At best our knowledge of the cause and manner of spread of influenza is fragmentary and insufficient. Attempts to outline a system of control and prevention based upon present concepts are met with many discouragements. The next pandemic will not be prevented. The disease will surely return. If the interval be sufficiently long it may find us quite as unprepared as we were in 1918. Discouraging as the outlook is there are many bright points upon which we must base our hopes for future results.
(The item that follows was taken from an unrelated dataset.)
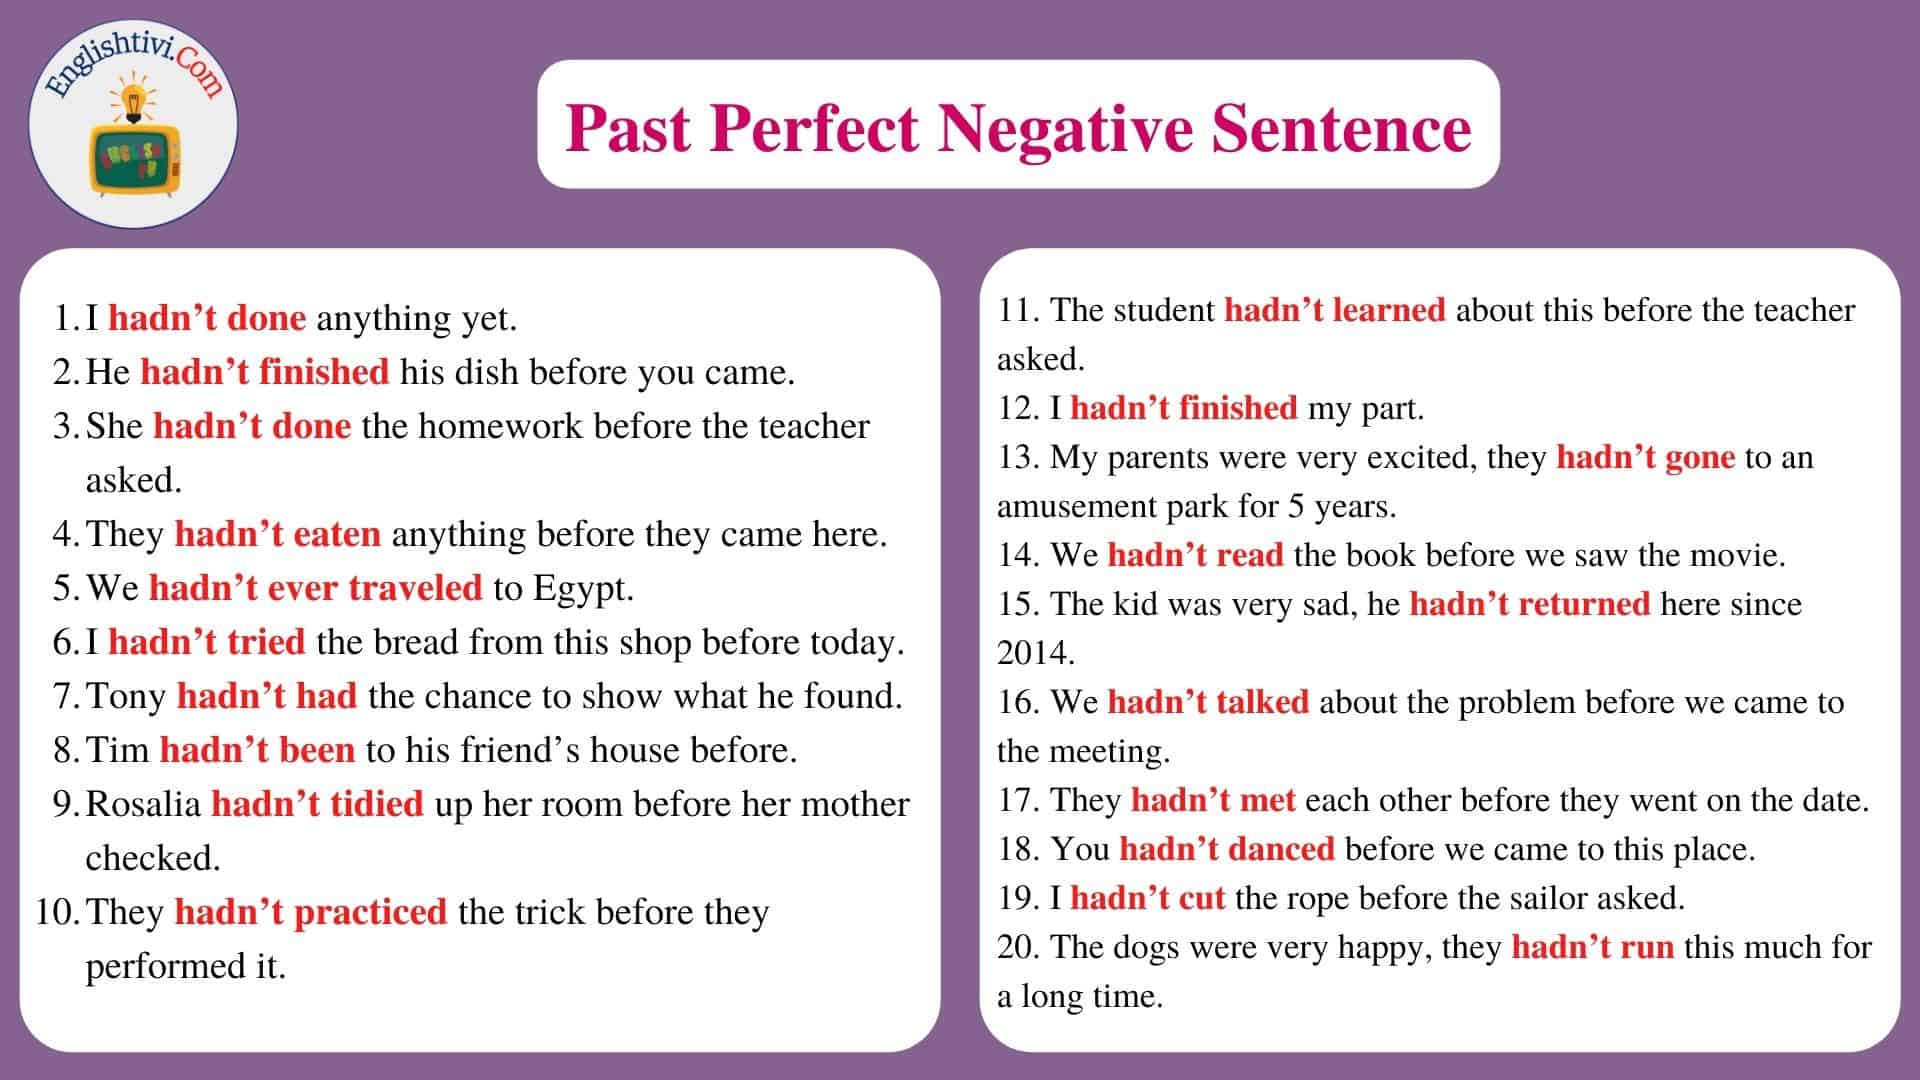 Past Perfect Negative Sentence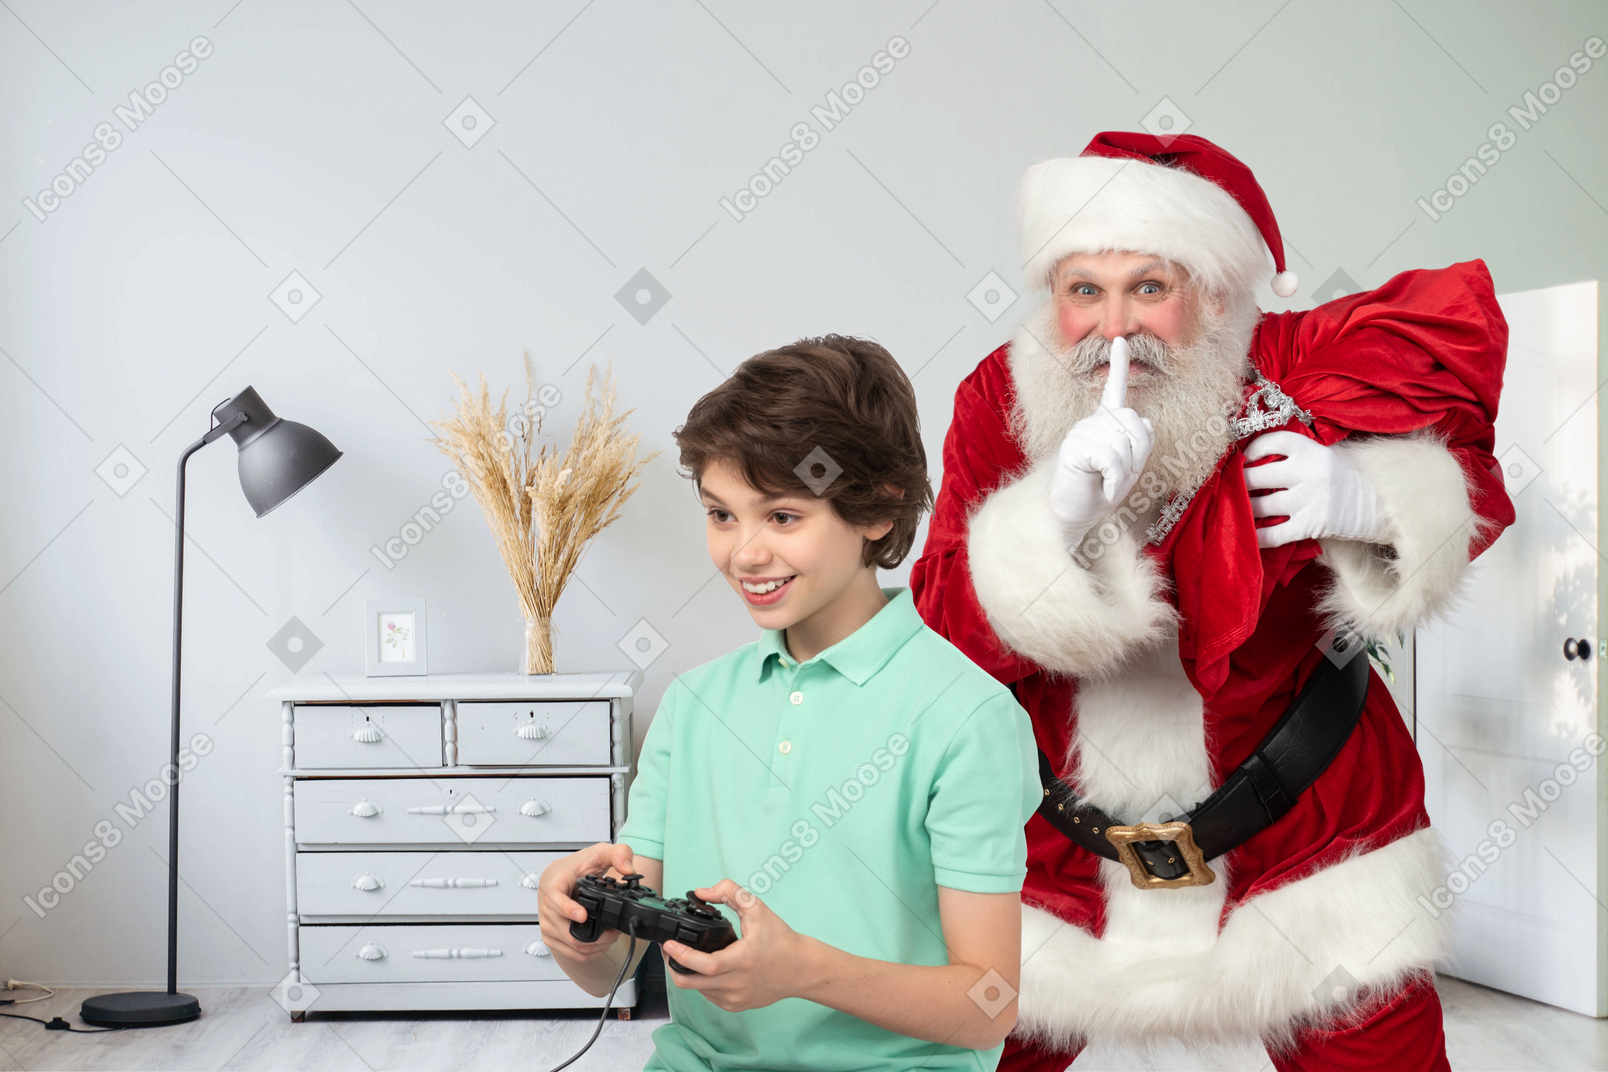 I heard that this boy didn't believe in santa

The difficulties are many: First the diagnosis of influenza is difficult either in the individual case or in the form of a mild epidemic. Even in 1918 the identification was often not definitely made until after weeks had elapsed. Second, we know little concerning the mode of transmission of the disease. We speak of “respiratory infection.” We believe that the transmission is by a mechanism similar to that for measles, but we have never experimentally transmitted either disease. The short incubation period places us at a great disadvantage. Were the interval between the occurrence of the first case and the development of additional cases as long as it is in measles, the problem of isolation and quarantine would be simplified. As in measles the disease is probably very early infectious, presumably before acute symptoms develop. The majority of cases of influenza are ambulatory. Many individuals do not take to their beds, but continue about their work, spreading the disease wherever they go.

Again, we are ignorant of the period of infectiousness. Dr. Meredith Davies has made observations indicating that a patient becomes non-infectious within one week after the temperature has become normal. How many influenza patients remain isolated throughout this period?

A carrier state probably exists and plays a most significant part in the spread.